Pain: The Most Effective Universal Head Slap.
My post-Thanksgiving eating binges affected me in ways I should have foreseen, but didn’t. Sure, the leftover pie, cocoa and cranberry sauce put a few of the pounds I thought I’d left behind forever back on, but that was the least of my problems.
The knees which had been so cooperative in recent months; coincidentally since I cut out processed foods and sugar, started swelling painfully. When they also began to show signs of weakness, I knew it was time to get serious about my eating habits and cut out the inflammatory foods. The first to go was the sugar.
Since my memory isn’t what it used to be, I felt I needed some reminders about what other foods are inflammatory so I could limit or eliminate them as well. Sadly, the black forest ham I’ve been nibbling on or pairing with Swiss or pepper jack cheese had to go or be severely limited as well. As did the cheese.
Though my knees are still crying bitter tears by the time I climb into bed at night, they’re far happier than they were a few days ago.
How Do I Know What to Eat and What to Avoid?
Since I know I’m not alone in suffering the consequences of my less-than-perfect food choices, here’s a short list of foods to avoid if you suffer any symptoms of inflammation.

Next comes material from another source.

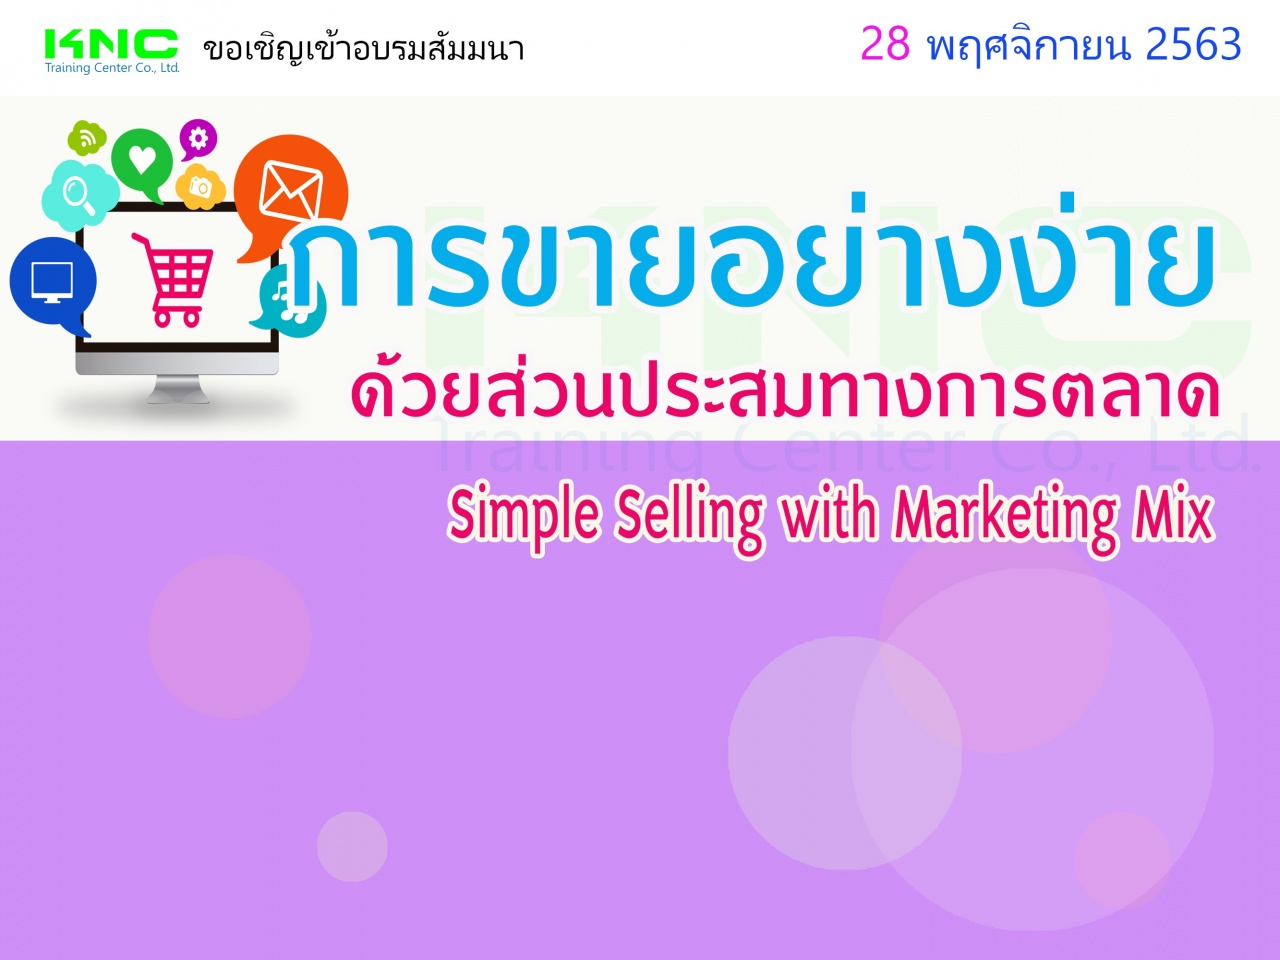 การขายอย่างง่ายด้วยส่วนประสมทางการตลาด (Simple Selling with Marketing Mix)

These can be obvious like sore knees or tender sinuses, or a rash, or less obvious like some sort of unexplained internal discomfort or sluggishness.
These are some of the most common foods which are rated over -100 on the IF scale I’ve included below:
- Processed sugar, as I mentioned before
- Dairy including cheese, milk and yogurt
- White Flour (so that means bread, pasta, cereals, and all of the other starchy delights made with white flour). Whole wheat flour is a little better, though still -89 for 1/3 of a cup.
- Dried fruit
- Meat (though to my surprise both ground beef and turkey rated fairly low on the inflammatory scale, -2 and -7 respectively)
Researchers have even developed an inflammation factor rating chart for the foods we eat with a positive number representing anti-inflammatory foods and a negative one representing inflammatory foods. The higher the number in either direction, the stronger the food is for the applicable factor. The following chart from http://www.inflammationfactor.com shows how the numbers shake out.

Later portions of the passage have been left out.